(BRIEF): Return the full listing character for character, without its pictures.

(SUPPLIED INFORMATION):

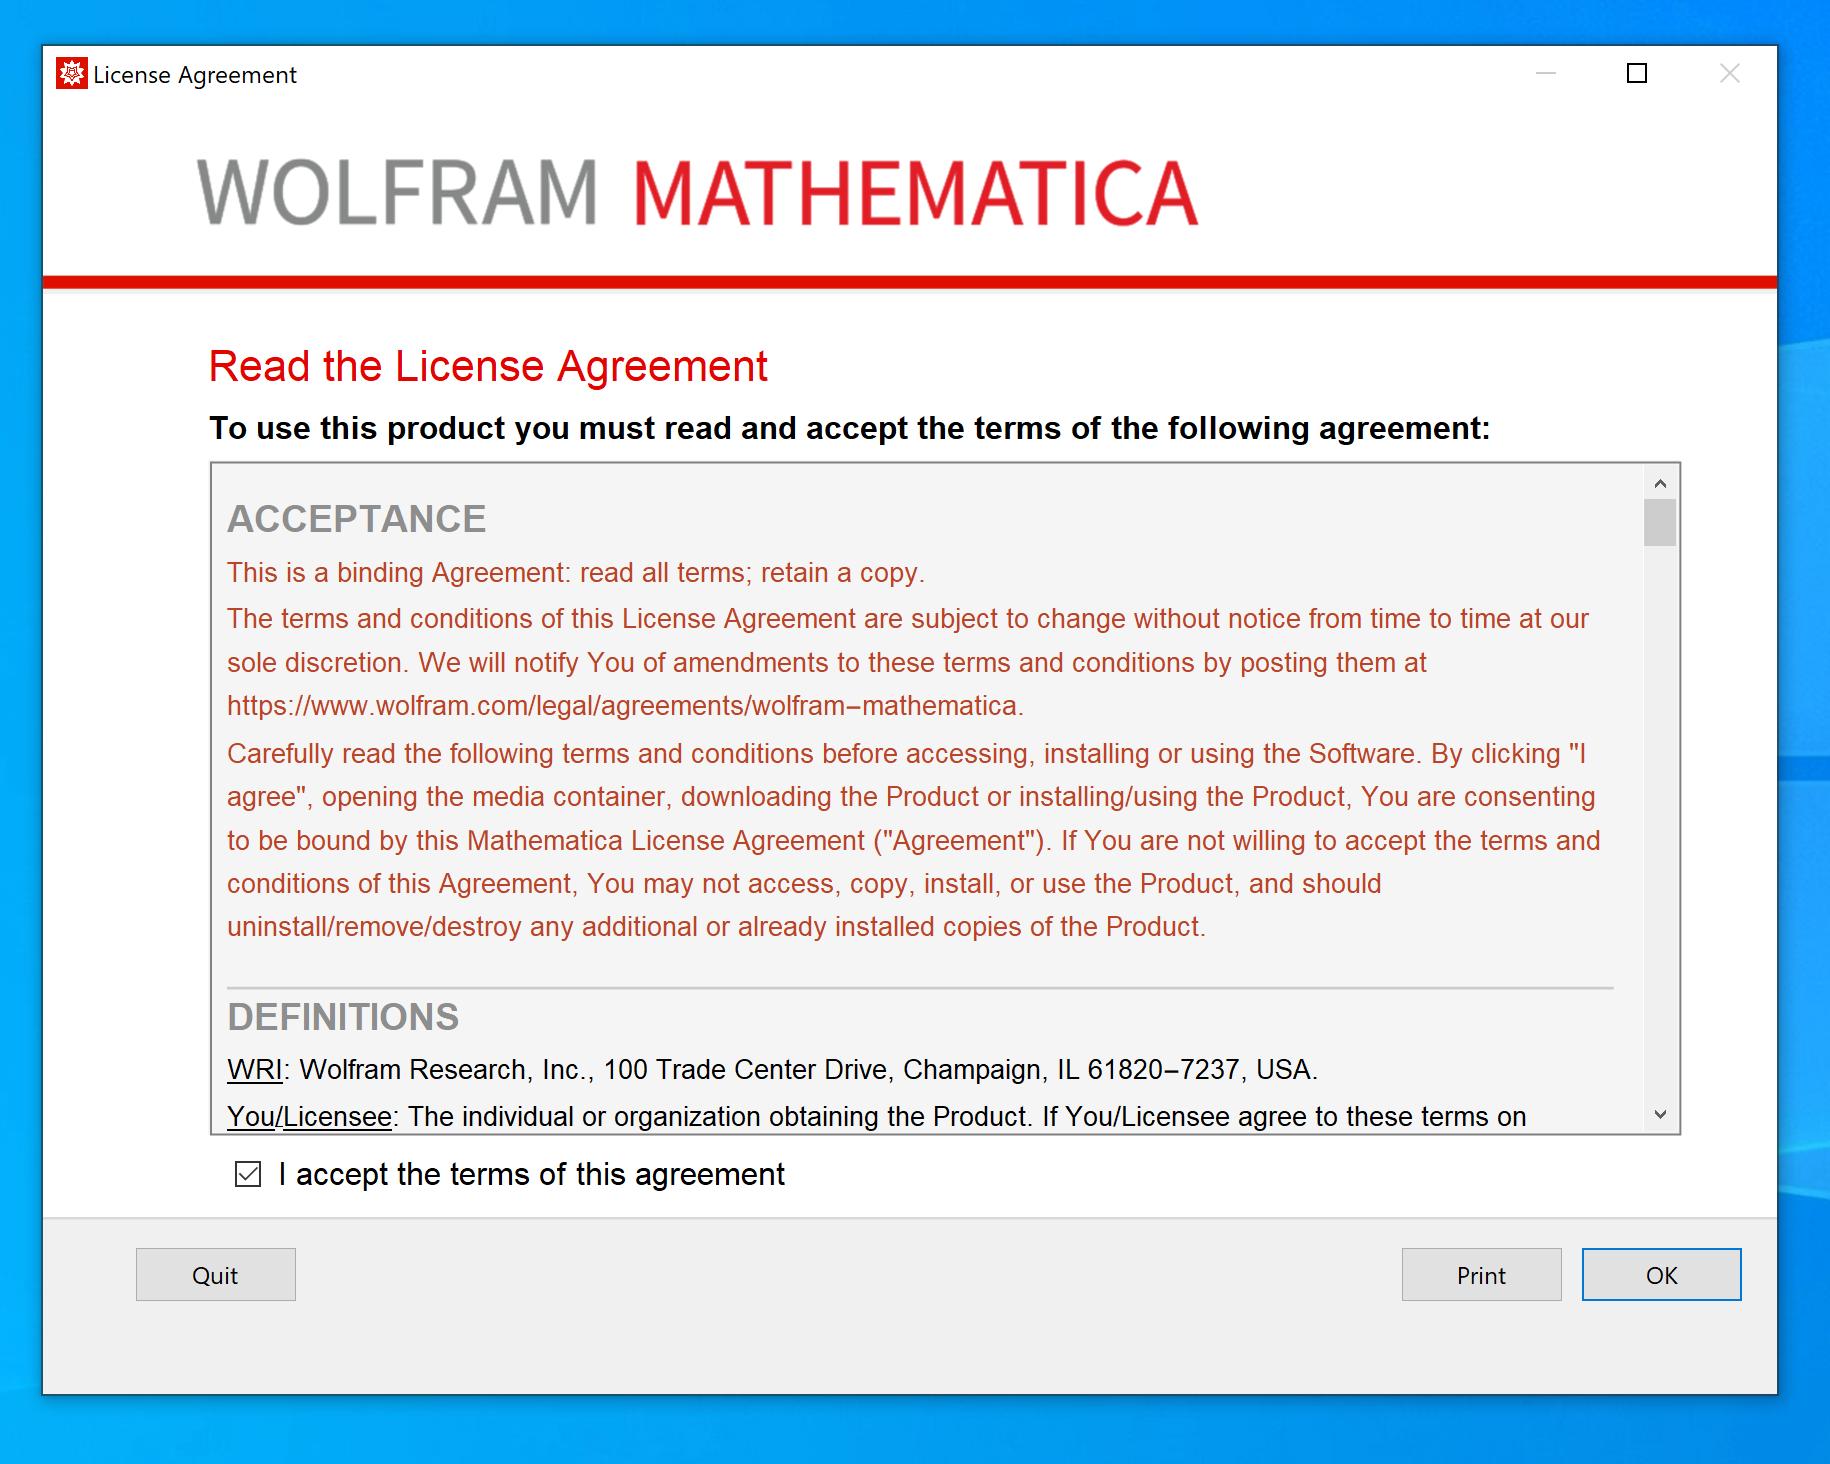 mathematica_lic00004.png
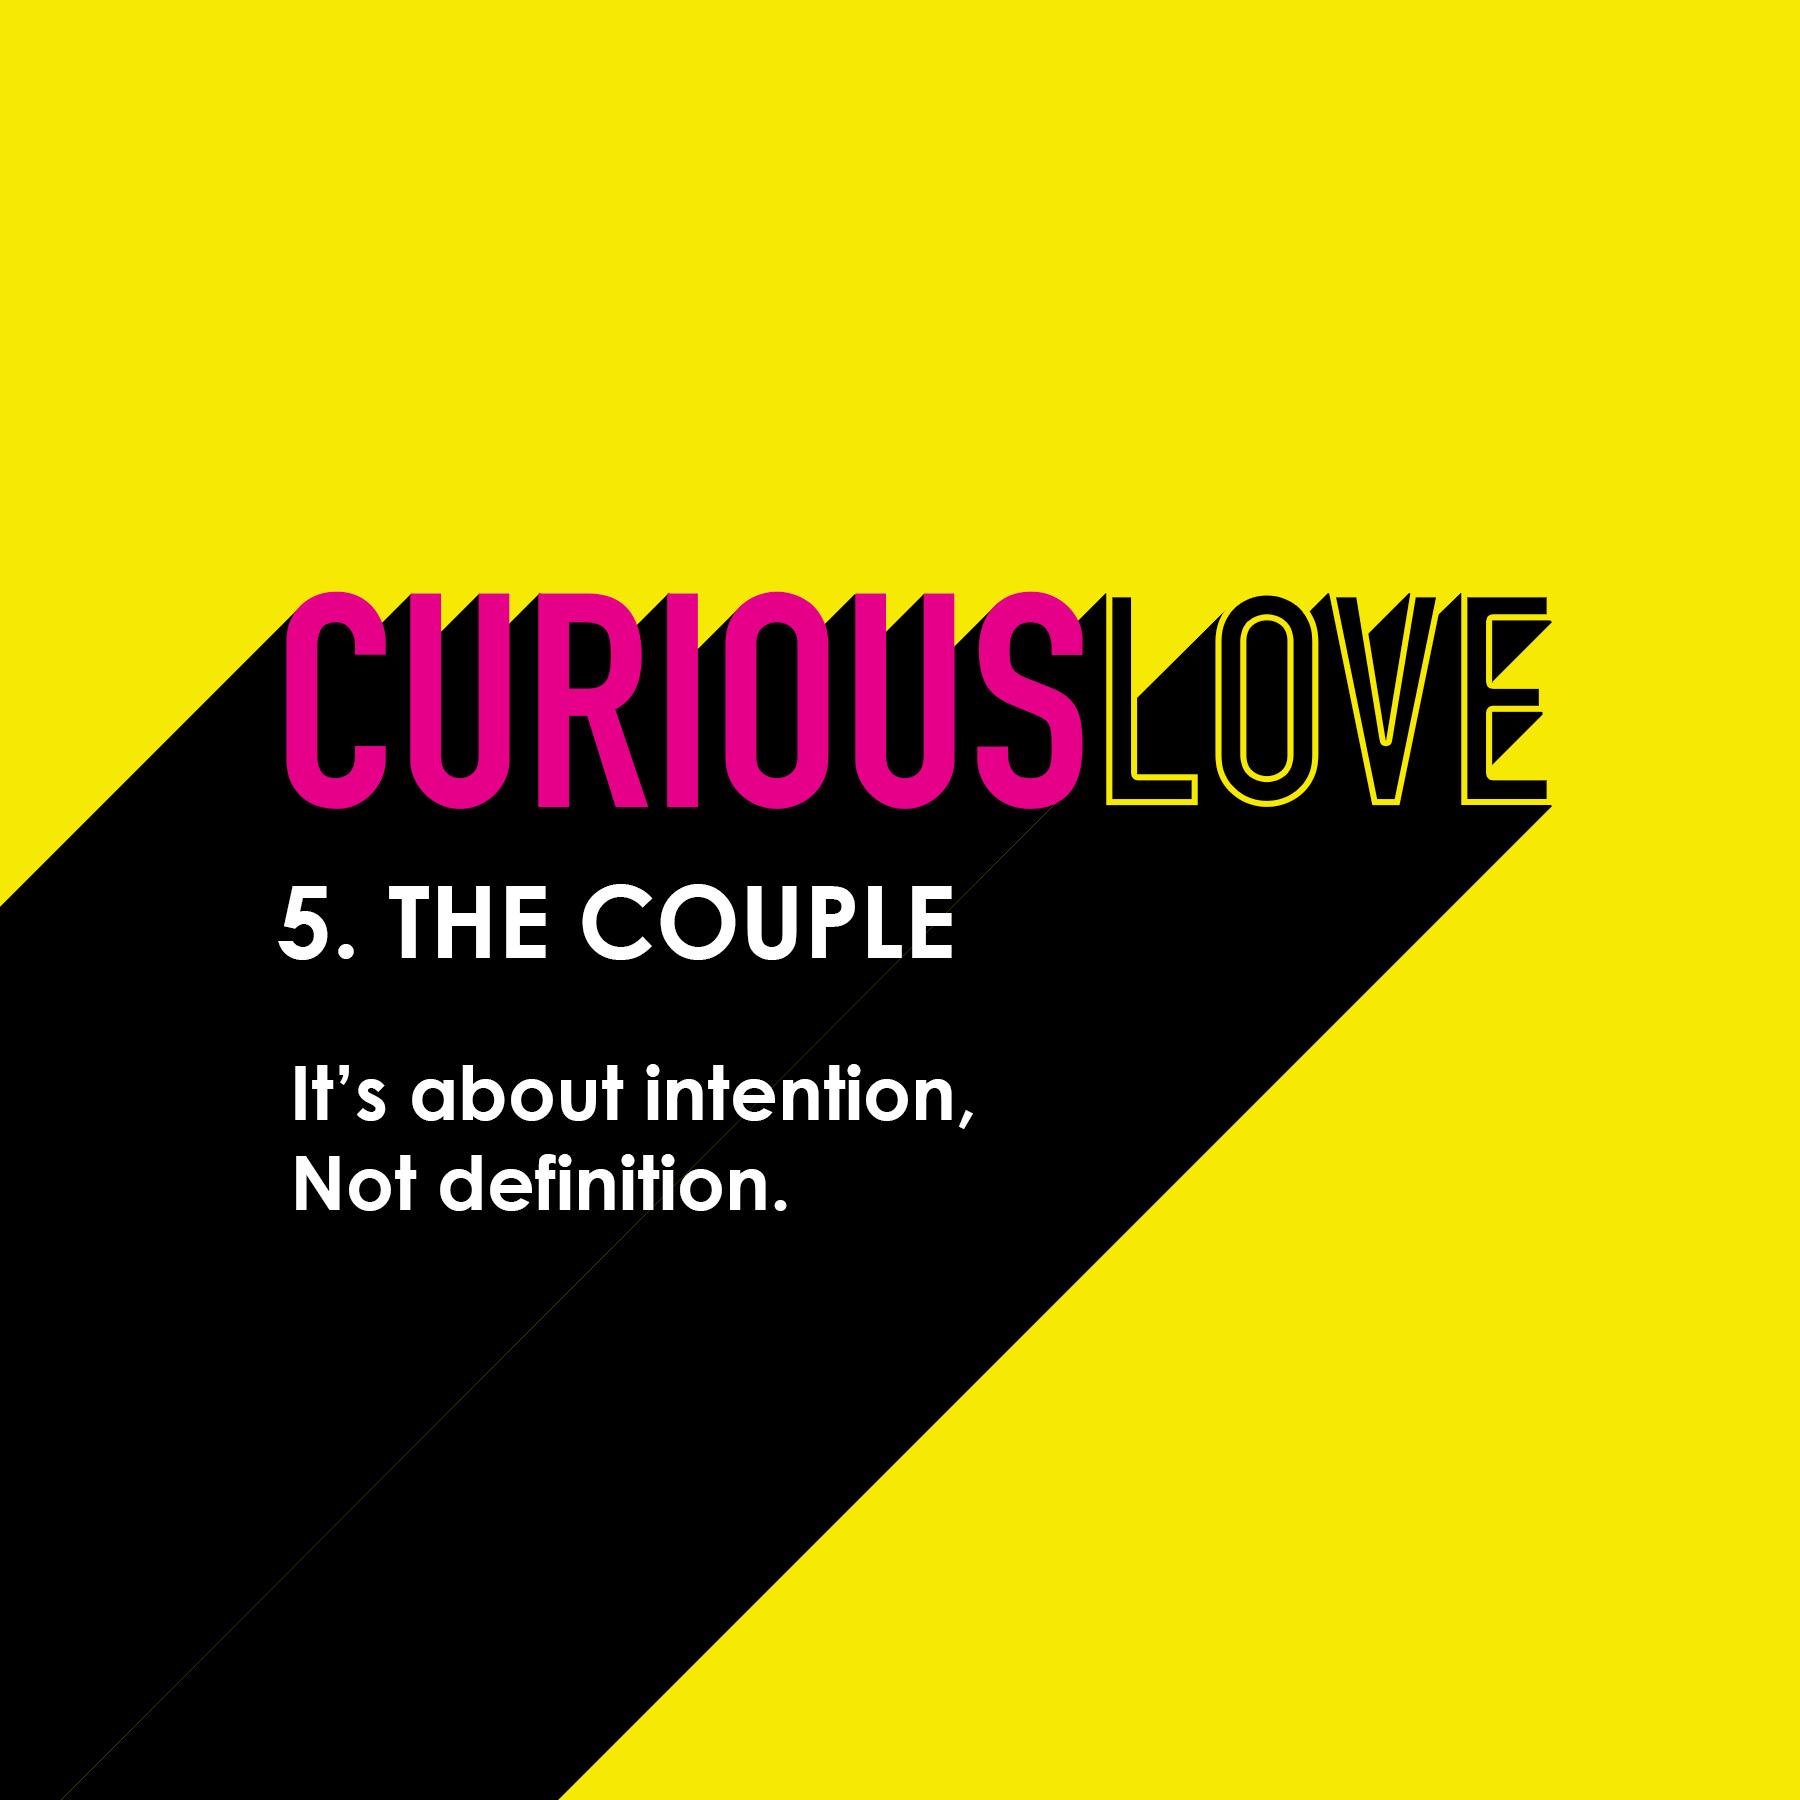 CuriousLove Episode Tagline 5.jpg
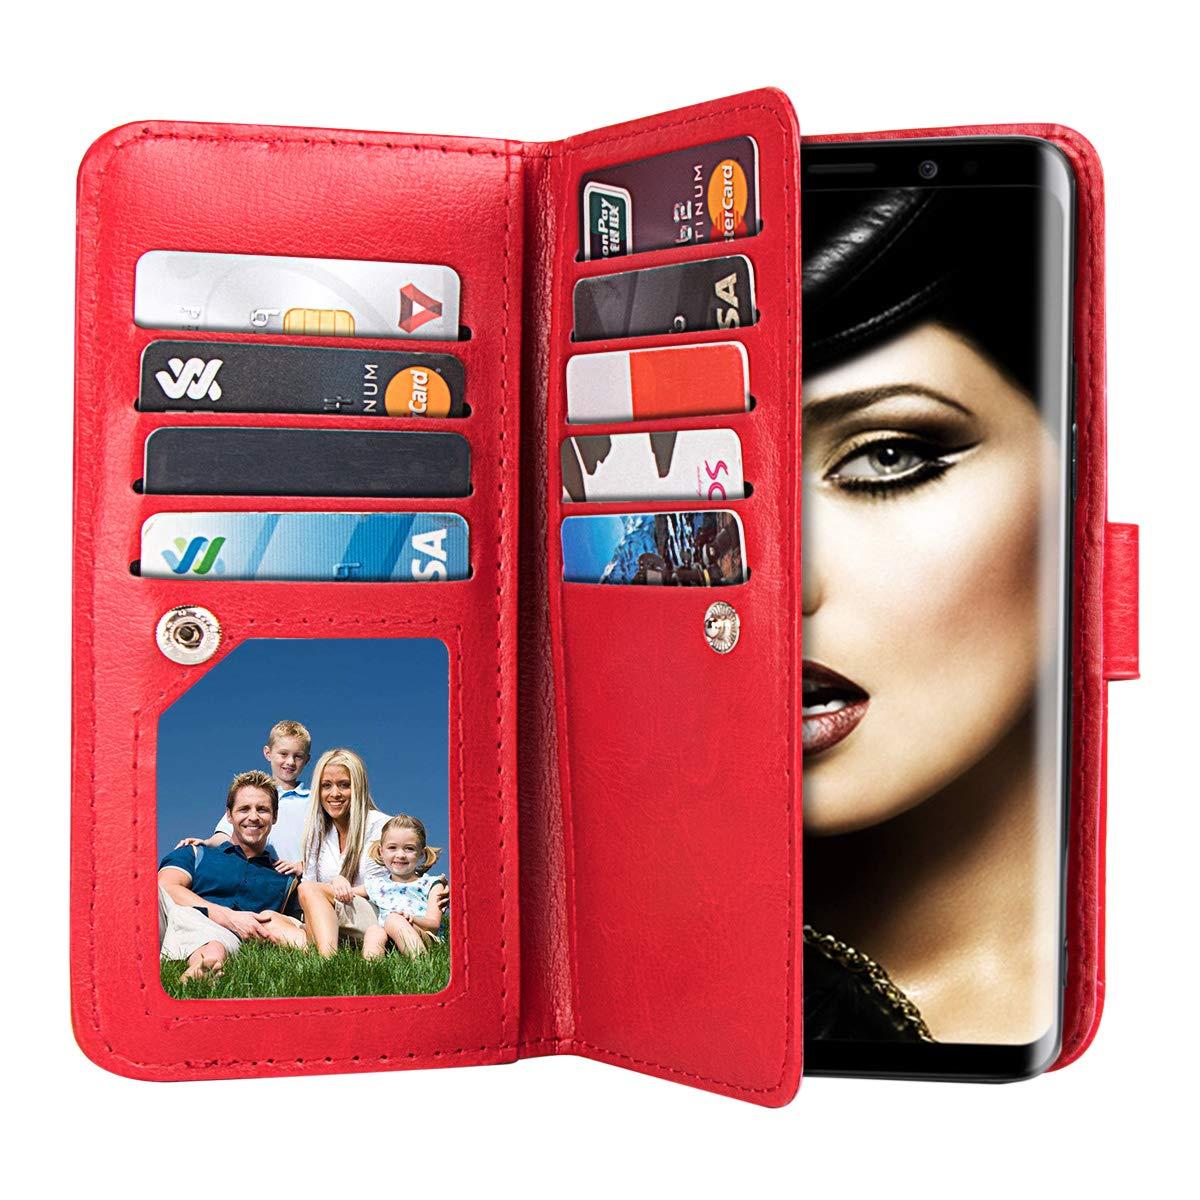 xhorizon FLK Premium Leather Folio Case [Wallet Function] [Magnetic Detachable] Wristlet Purse Soft Multiple Card Slots Cover Samsung Galaxy Note 9
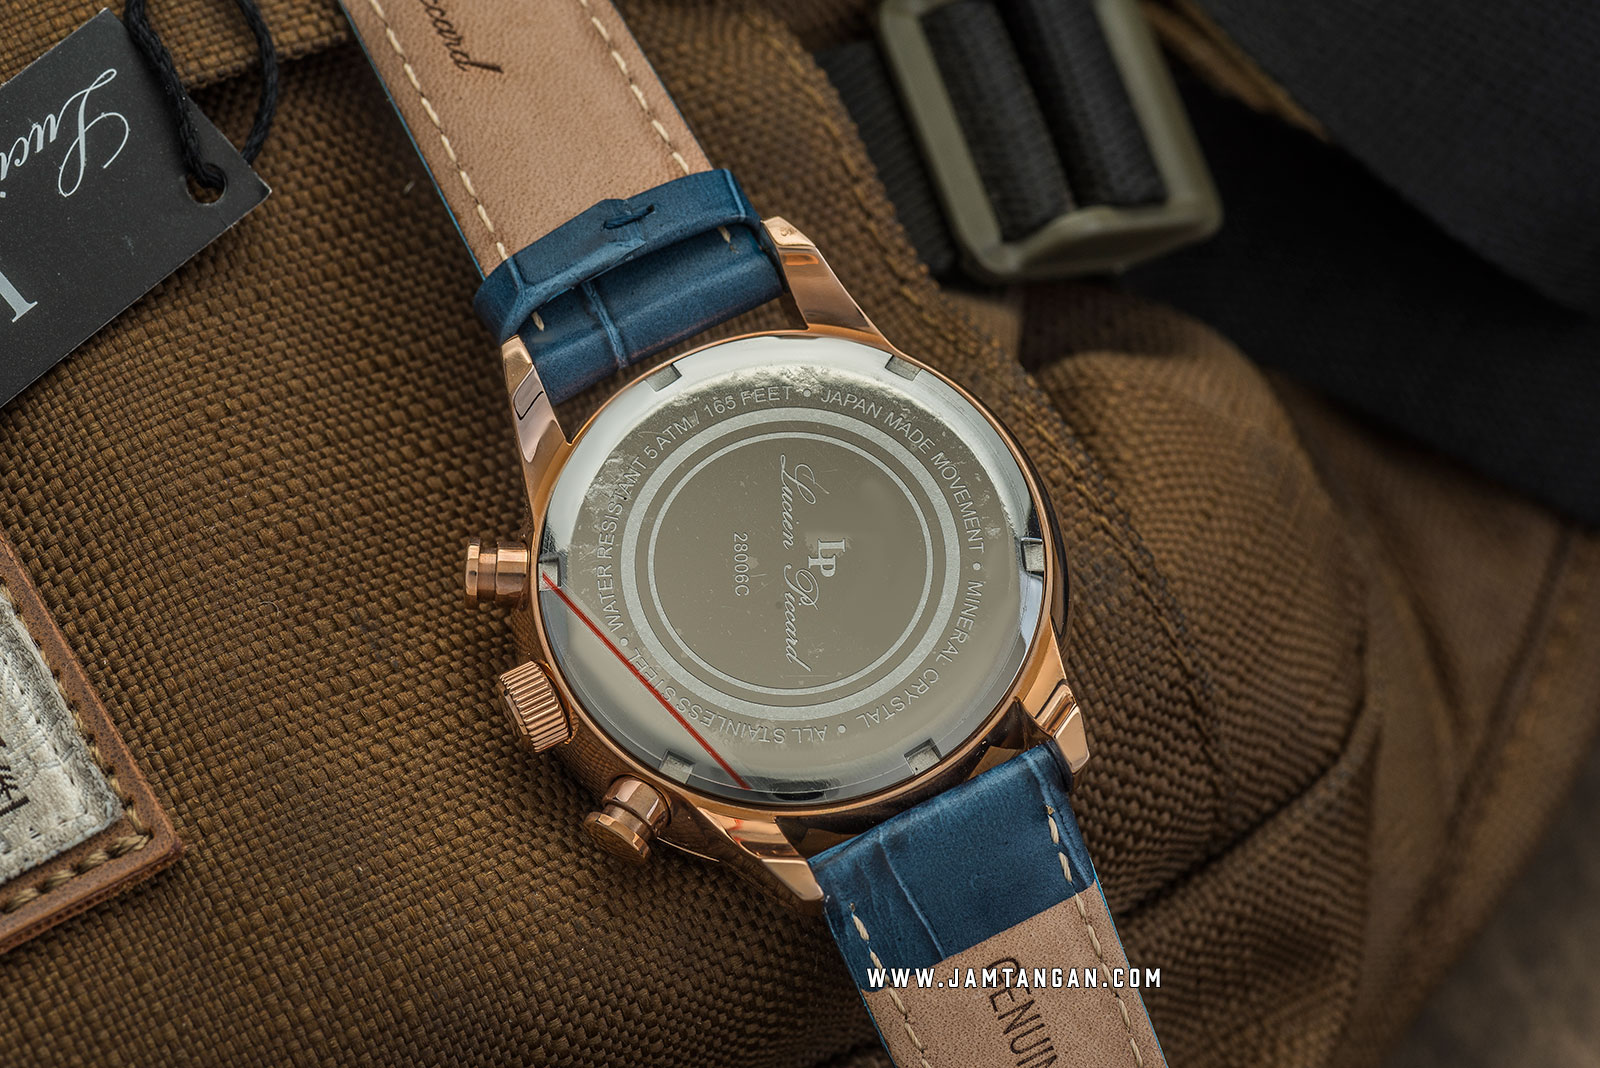 Lucien Piccard Welles LP-28006C-RG-03-BLS Chronograph Blue Dial Blue Leather Strap Machtwatch

(RESPONSE TO THE EXERCISE):
 mathematica_lic00004.png
 CuriousLove Episode Tagline 5.jpg
 xhorizon FLK Premium Leather Folio Case [Wallet Function] [Magnetic Detachable] Wristlet Purse Soft Multiple Card Slots Cover Samsung Galaxy Note 9
 Lucien Piccard Welles LP-28006C-RG-03-BLS Chronograph Blue Dial Blue Leather Strap Machtwatch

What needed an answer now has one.